Wybitny, poruszający tekst, w którym autor przypominając całkiem niezły film Oliviera Stone’a "Wall Street" konstatuje z goryczą, że mantra powtarzana przez głównego bohatera filmu biznesmena Gekko – chciwość jest dobra"stała się wkrótce ulubionym powiedzeniem Wielkich Kutasów z Nowego Jorku i Londynu – Panów Wszechświata". 

No cóż, jak to się czasami mówi - "apetyt rośnie w miarę jedzenia", tym bardziej, gdy oferta frykasów jest nader obfita i szeroka, a nas stać praktycznie na wszystko. Na takiej właśnie przypadłości ludzkiego charakteru zrobił furorę tzw. liberalizm w minionych 2-3 dekadach. Niwelowane stopniowo i skutecznie wszelkie bariery i ograniczenia utorowały drogę hasłu "bogaćmy się", w domyśle - tak, jak tylko potraficie. W USA ten proces "deregulacji" zaczął się jeszcze za czasów prezydentury Ronalda Reagana i początkowo przyniósł nawet korzyści chociażby w walce z bezrobociem (dobrze napisałem: w walce, bo na Zachodzie z bezrobociem się walczy).

Z tymi coraz bardziej modnymi trendami ekonomicznymi, doskonale współgrały przeróżne kretyńskie i libertyńskie nawoływania z gatunku "rópta co chceta", które miały obalić wszystkie moralne hamulce i staroświeckie poglądy zacofanego ciemnogrodu. Gdy dla dopełnienia tego obrazu dodamy jeszcze różne "lokalne koloryty" w zależności od geograficznej szerokości, będziemy mieli pełen obraz świata przełomu wieków jak na dłoni ;-)
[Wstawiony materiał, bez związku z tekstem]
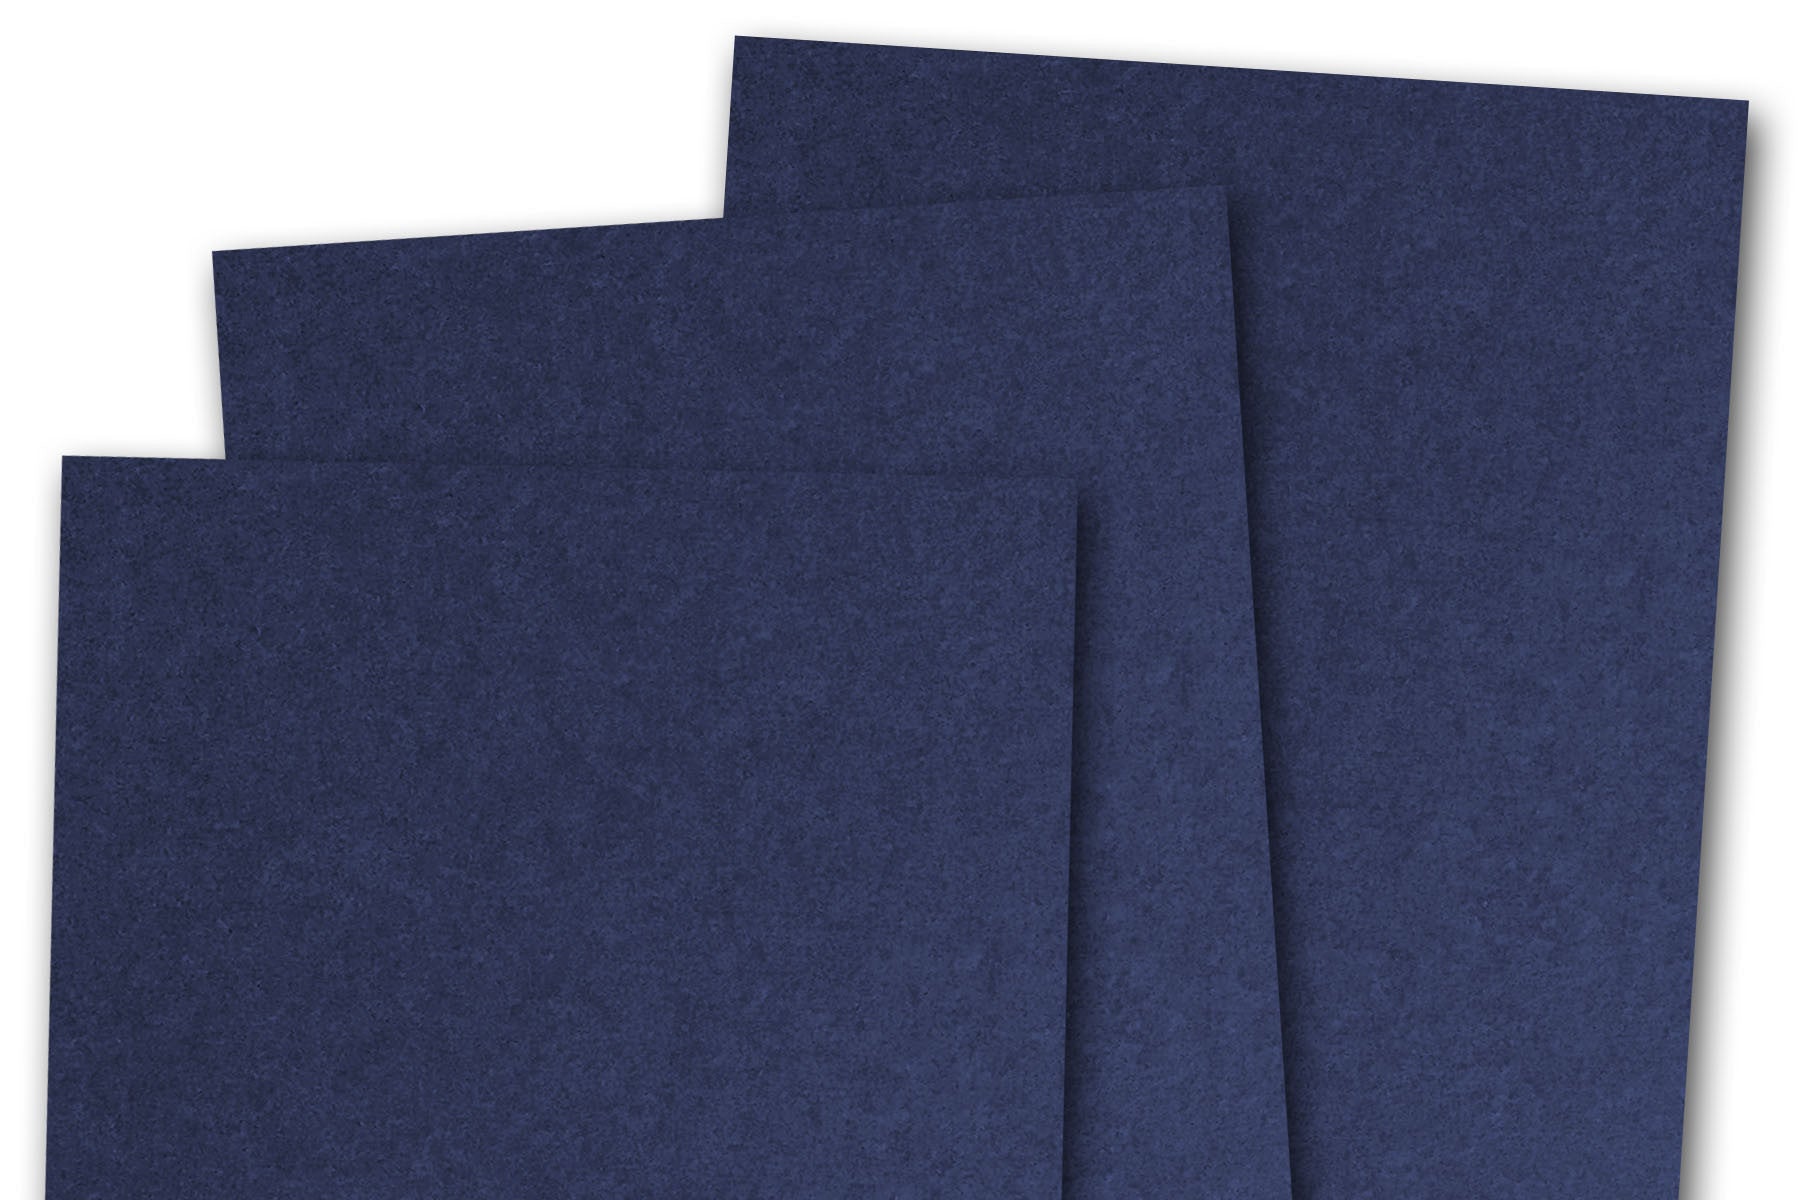 SALE!! 8.5 x 11 CARDSTOCK PAPER - LIGHT BLUE/DARK BLUE - 10 SHEETS -  NEW!!

Jednak tak to jest jakoś w przyrodzie urządzone, że nie wszystkim była dana możliwość wprowadzenia w życie hasła zachęcającego do bogacenia się, gdyż zawsze jakoś tak wychodziło, że jeden bogacił się szybciej od drugiego i to najczęściej kosztem innych. Już dobre 15 lat temu statystyki amerykańskie zaczęły odnotowywać stale pogłębiającą się różnicę między stanem materialnym ludzi bogatych i tych mniej materialnie zasobnych. Pozostający w stale kurczącej się mniejszości ludzie bogaci, stawali się jeszcze bardziej, wprost niewiarygodnie bogaci, przy jednoczesnym i nieustannym wzroście liczebności ludzi ubogich, jeszcze bardziej ubogich i coraz bardziej biednych. 

Nikt oczywiście nie traktował poważnie rozsądnych głosów przewidujących taki właśnie, na dłuższą metę negatywny obrót spraw. Ba, nawet nikt nie zwrócił uwagi na wypowiedzi guru liberalizmu Miltona Friedmana, który w ostatnich latach przed śmiercią z coraz większym przekonaniem i emfazą pisał, że jego teoria się nie sprawdza i już teraz widzi jak bardzo się mylił. Furda tam Milton, gdy tymczasem namnożyło się Miltonów tysiące, a nawet miliony licząc tych "piękny, młodych i już bogatych", którzy do roli prawdziwych bogaczy dopiero pretendowali, z wielkim zapałem pobierając nauki od Miltonów mniejszych, acz wyjątkowo aktywnych. Rzecz jasna również u nas w ubogim i zdewastowanym przez komunizm kraju nad Wisłą tych nauczających i pouczających Miltonów mniejszych nie mogło zabraknąć. No masz, to oczywiste, tym bardziej, że właśnie padł był komunizm obiecujący wszystkim raj na ziemi.

Swoją drogą, chyba można słusznie założyć, że do światowego sukcesu liberalizmu przyczynił się w dużym stopniu właśnie upadek komunizmu, który miał także dalsze daleko idące konsekwencje w kształtowaniu naszej rzeczywistości, nad czym to warto kiedyś podebatować. Ten negatywny skutek upatruję na przykład w wyraźnie dostrzegalnym nadwątleniu idei wspólnego dobra itp. odwiecznych "paradygmatów" ludzkości. Wraz z erą liberalizmu nastała nowa filozofia życia, w której dobre jest tylko to, co jest moje, albo to, co mi służy. Egoizm, hedonizm i nieuniknione w tej sytuacji chamstwo, wręcz triumf chamstwa. Oto być może przyczynek do genezy erozji naszej narodowej solidarności, tej zarówno przez małe, jak zwłaszcza przez duże S.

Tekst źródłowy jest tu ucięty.